REQUIREMENT: Identify each line below that contains the word "from", and copy it out.

==== MATERIAL FOR THIS TASK ====

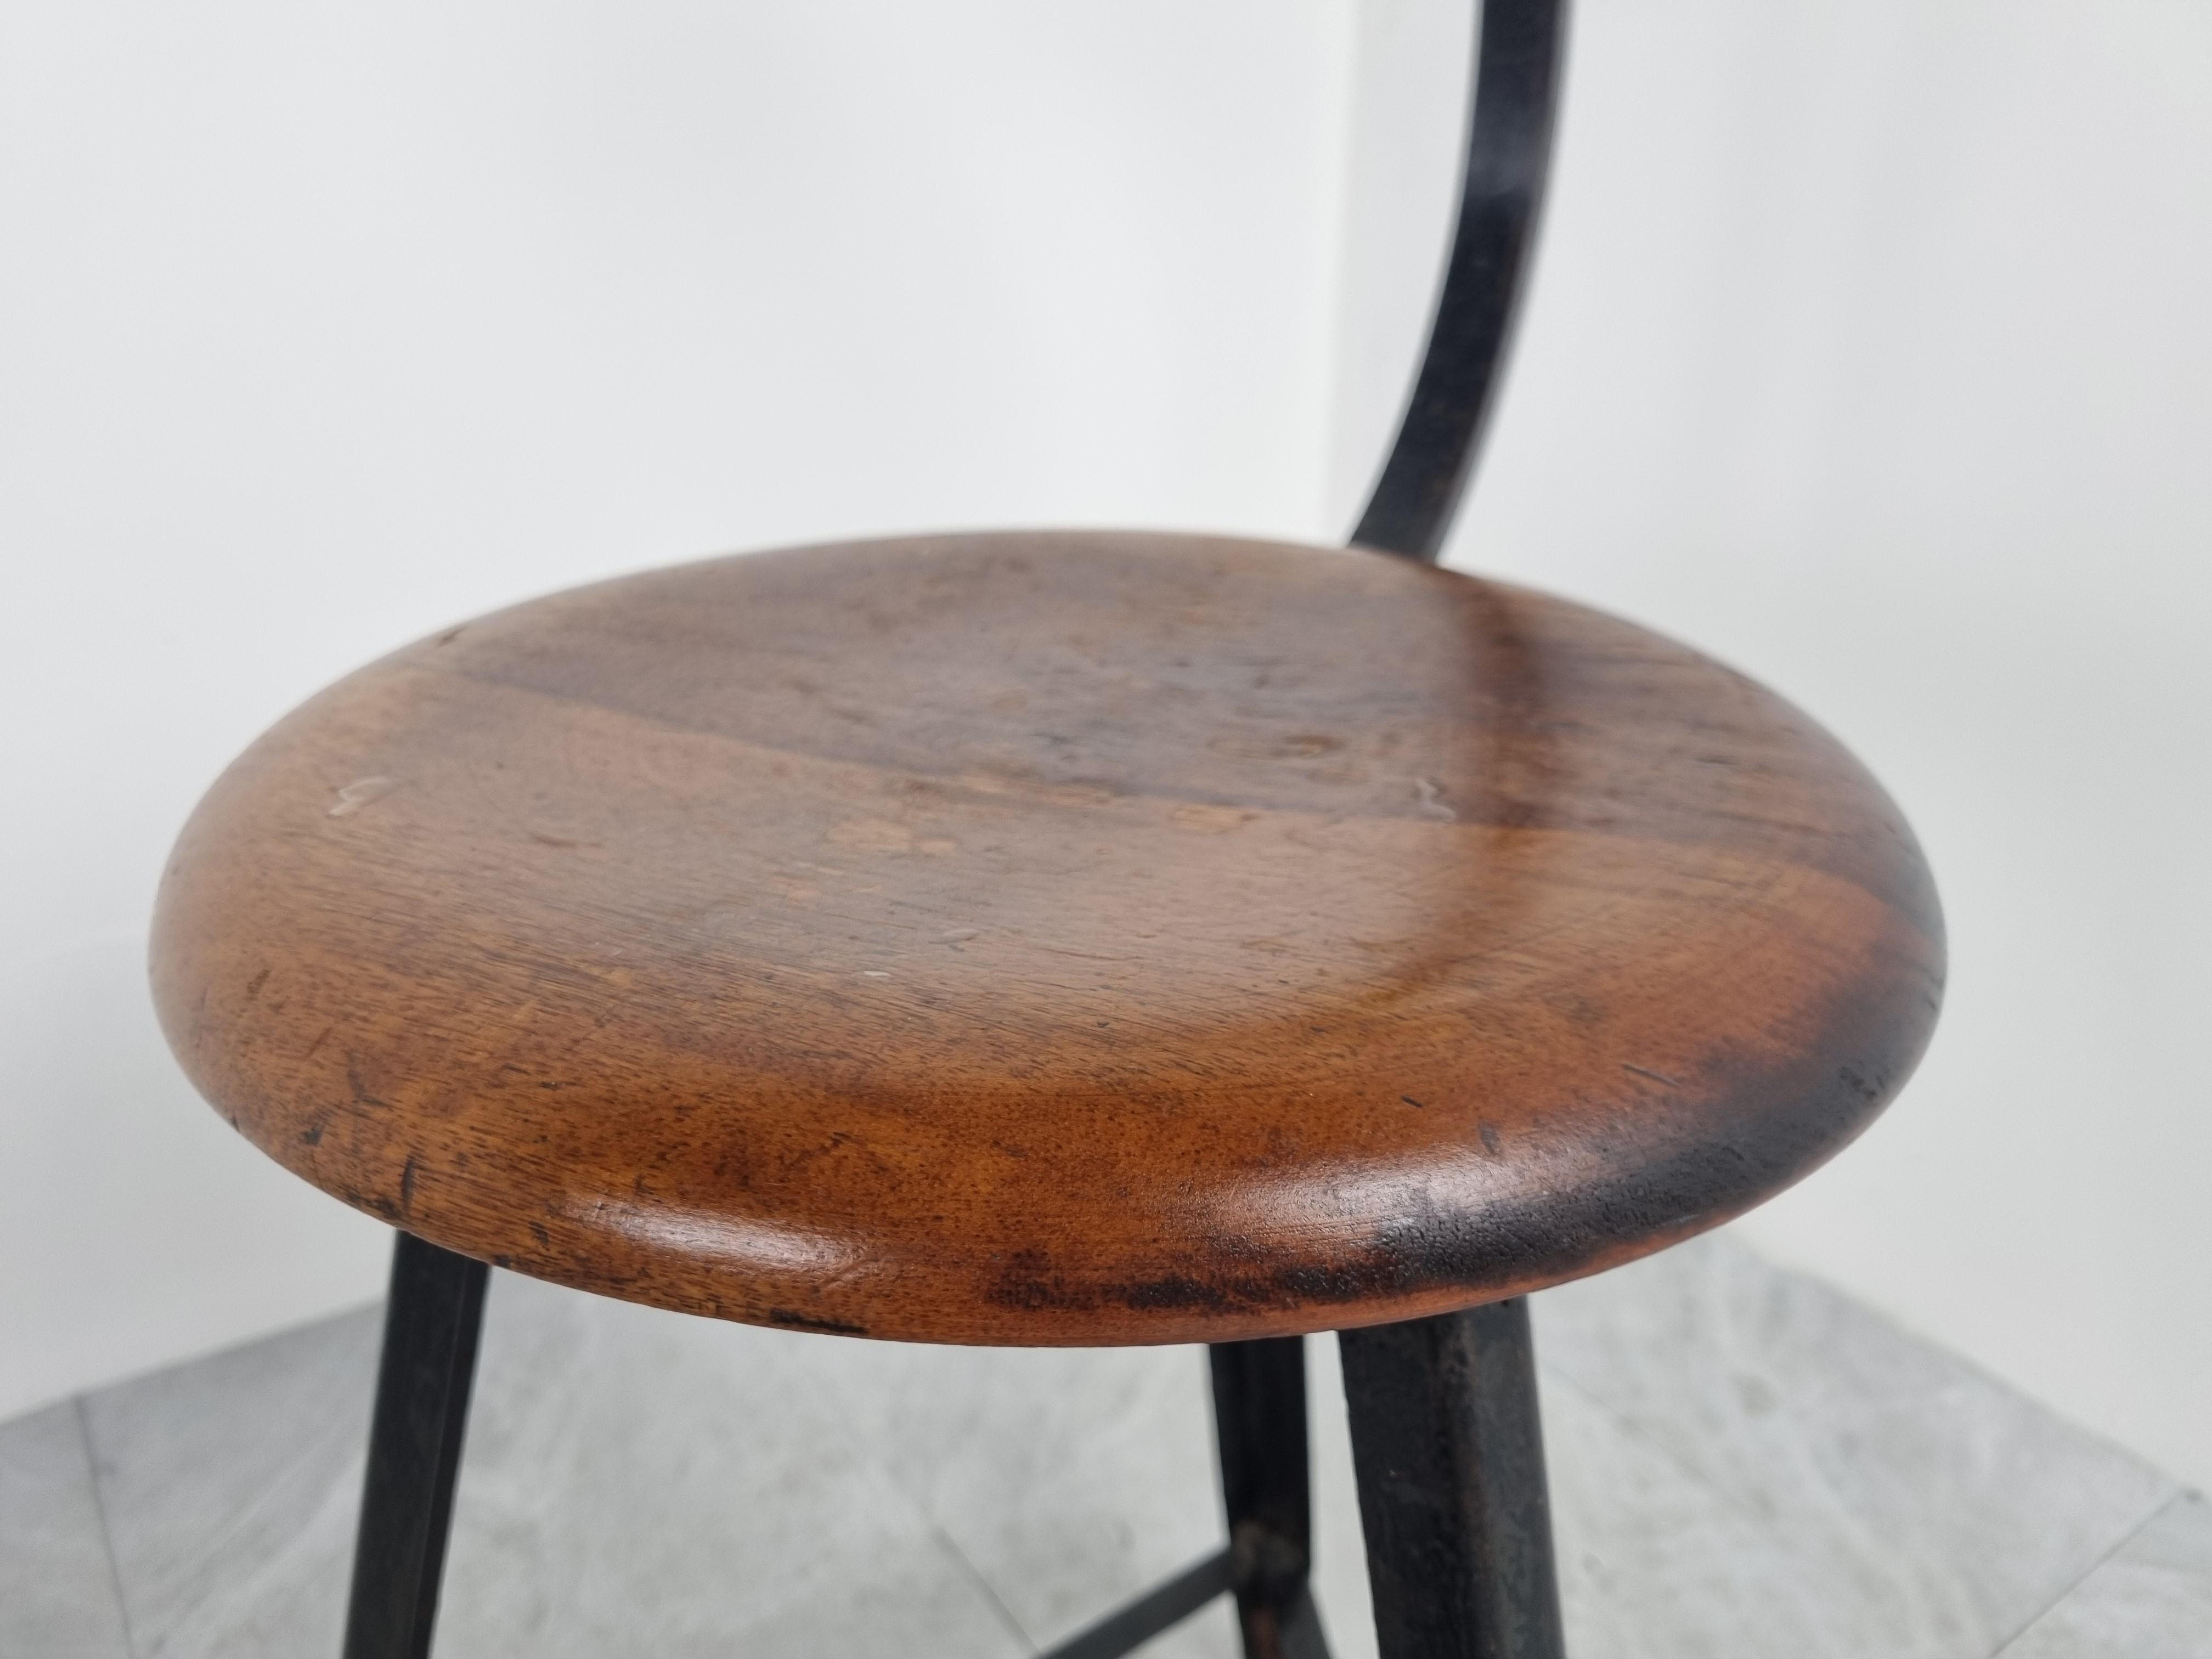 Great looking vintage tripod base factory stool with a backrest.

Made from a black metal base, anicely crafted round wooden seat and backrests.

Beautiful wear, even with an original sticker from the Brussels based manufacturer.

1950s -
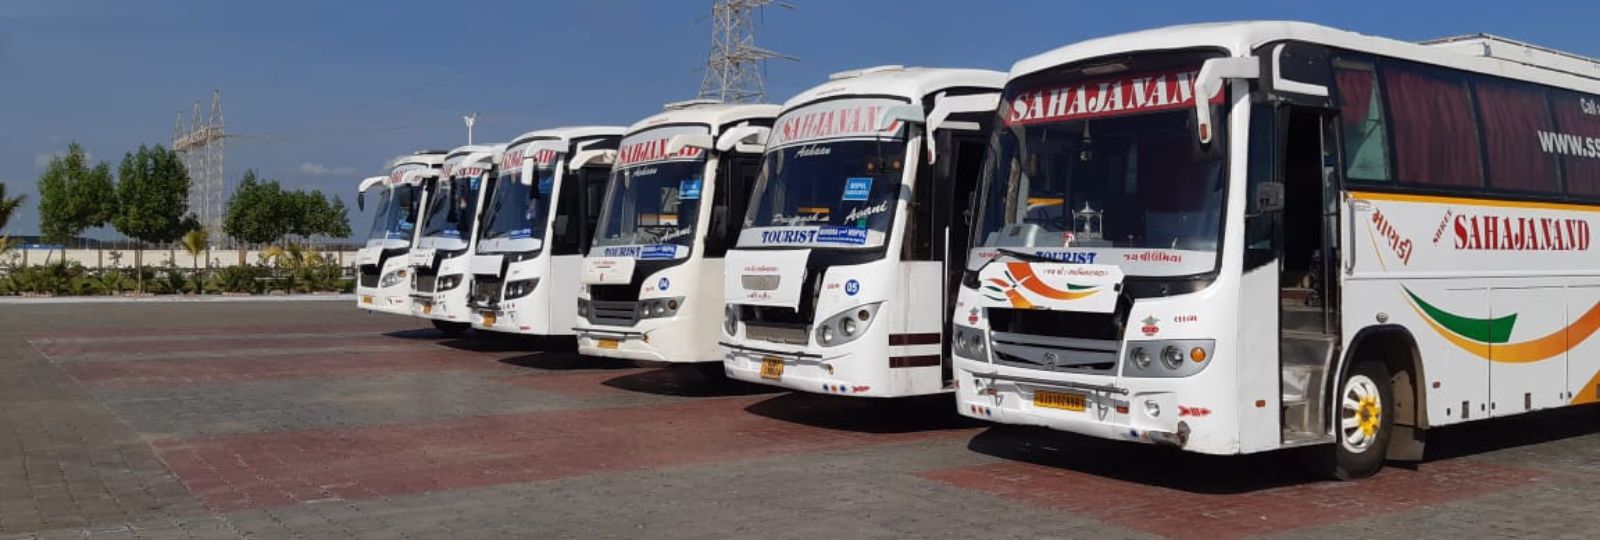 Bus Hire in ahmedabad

====

RESPONSE BOX:
Made from a black metal base, anicely crafted round wooden seat and backrests.
Beautiful wear, even with an original sticker from the Brussels based manufacturer.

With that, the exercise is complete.